Necessary-Summer-348@reddit
Network bandwidth is usually the bottleneck with RPC setups like this. Curious what the actual utilization looked like on that 2.5GbE link during inference - were you saturating it or is there headroom to add more nodes?
lemondrops9@reddit
Is it bandwidth problem? Seems more like a latency issues. I've watched the PCIe bus in real time and its often around the 40-50 MBps on each card.
Maybe more of an issues if a person had more gpus on each PC?
Necessary-Summer-348@reddit
Fair point, latency on the inter-node hops would compound a lot faster than raw bandwidth saturation. PCIe utilization sitting low while throughput is still bottlenecked usually points to round-trip latency on the RPC calls. What were you seeing for actual token/s vs the theoretical max?
lemondrops9@reddit
none yet, Ive been debating if its worth it, as I have 6 gpus in my main for 120GB of Vram.

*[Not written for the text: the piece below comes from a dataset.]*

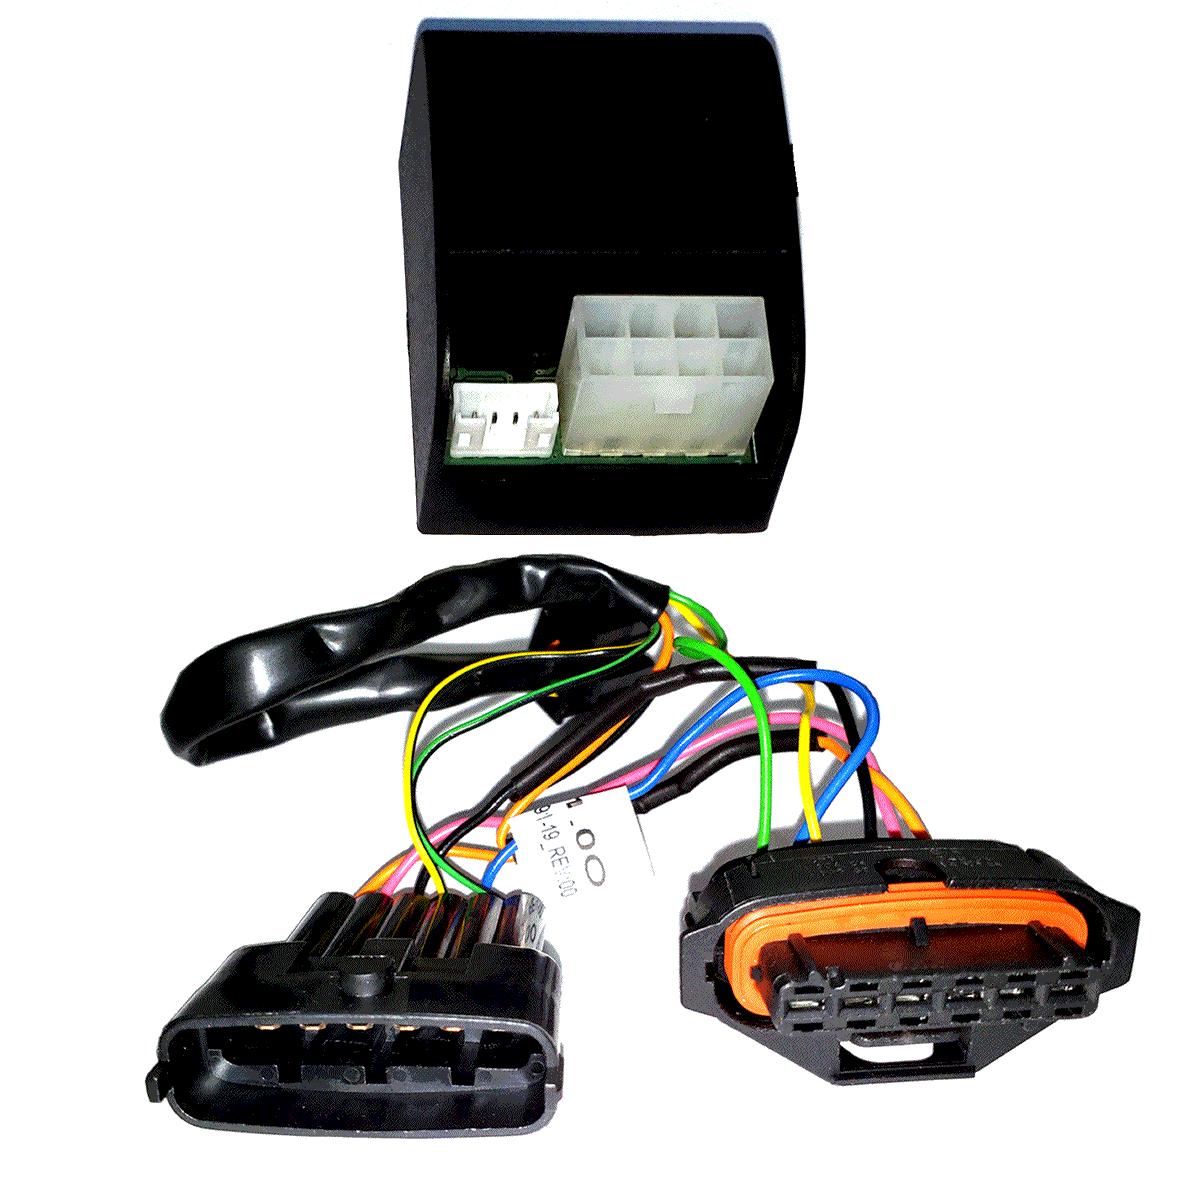 Variador T47 O Acelerador Eletrônico GNV Fiat Jac Kia VW Subaru Volvo ... TURY GAS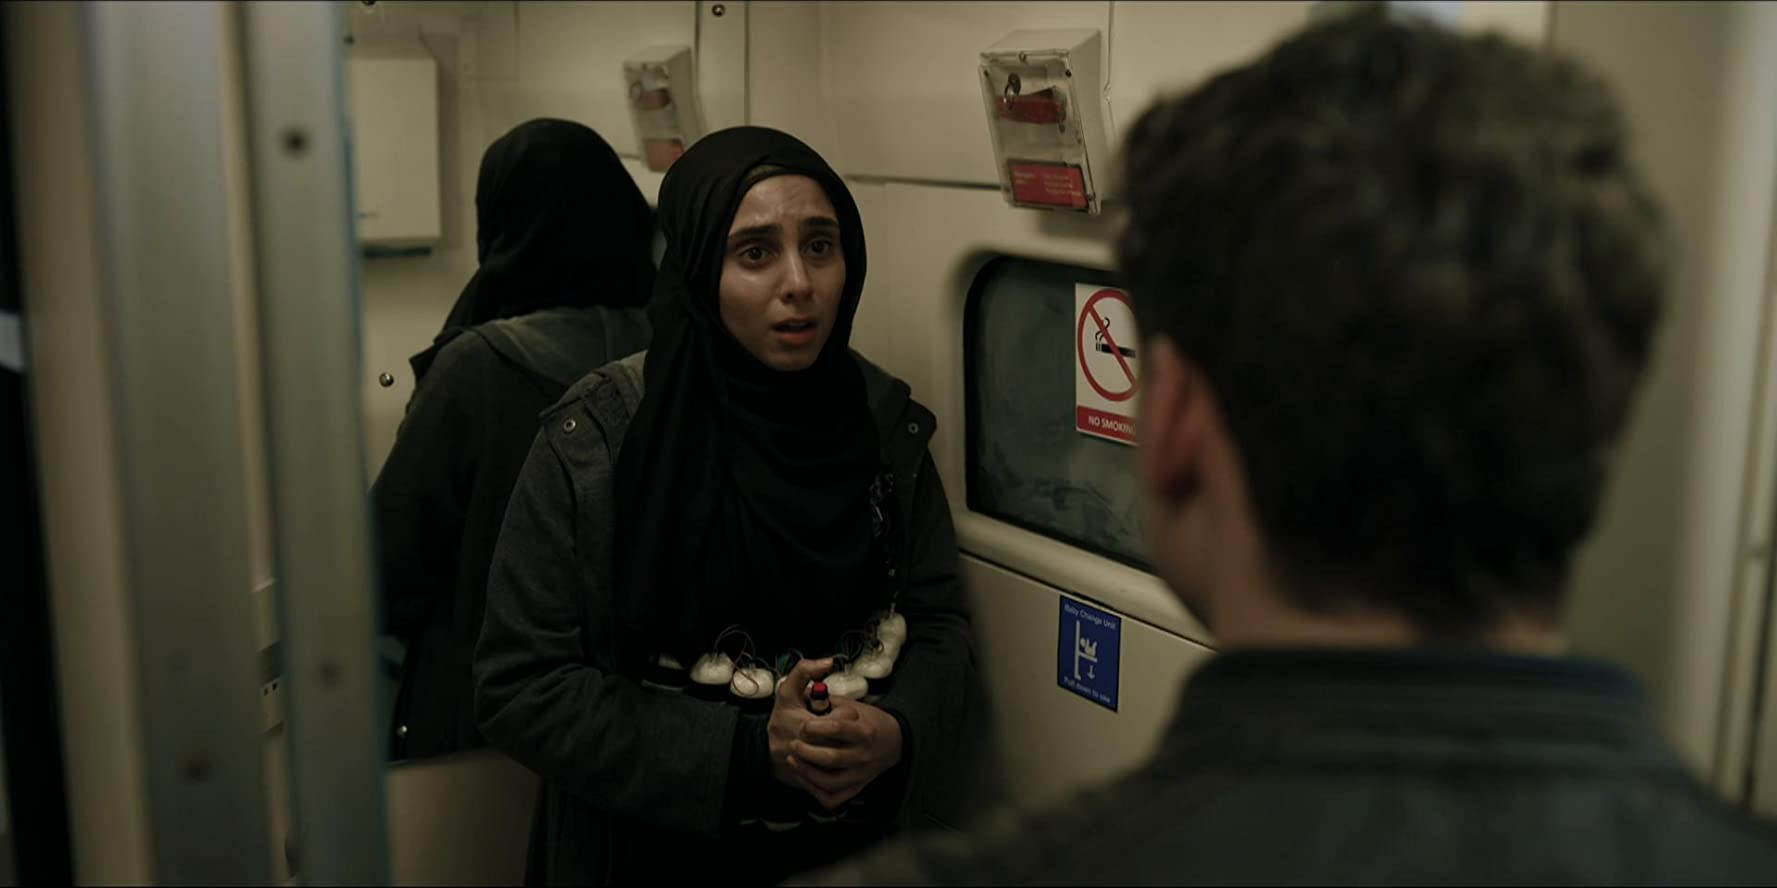 guardaespaldas ayudando atentado bomba

Could setup another 48GB with my others but been waiting for RPC to mature to even try.
ReasonableDuty5319@reddit (OP)
Ideally, I’d love to run both RTX 5090s in a single machine, but I don't have the right hardware to support that setup just yet. For now, I'm sticking with RPC. My next step is to benchmark a 3-host, 4-GPU cluster: a dual-card AMD R9700 setup, plus two separate nodes each running an RTX 5090 via RPC.
ReasonableDuty5319@reddit (OP)
In my experience, the 2.5G bandwidth only spikes above 200MB/s during the initial model loading phase. Once it's up and running, the network load is actually quite low. I’m going to take a closer look at the PCIe exchange rates as well.
wizmyh34rt@reddit
thanks
3dom@reddit
With only 10B parameters active Qwen 122B should fit into a single 5090 card given enough RAM - isn't it?
3dom@reddit
Single M5 Max128Gb macbook is capable to run Qwen 122B at 50-65t/s while costing roughly the same or cheaper than a single 5090 128Gb RAM workstation.
I wonder if the speed will double for two connected M5 Max macbooks?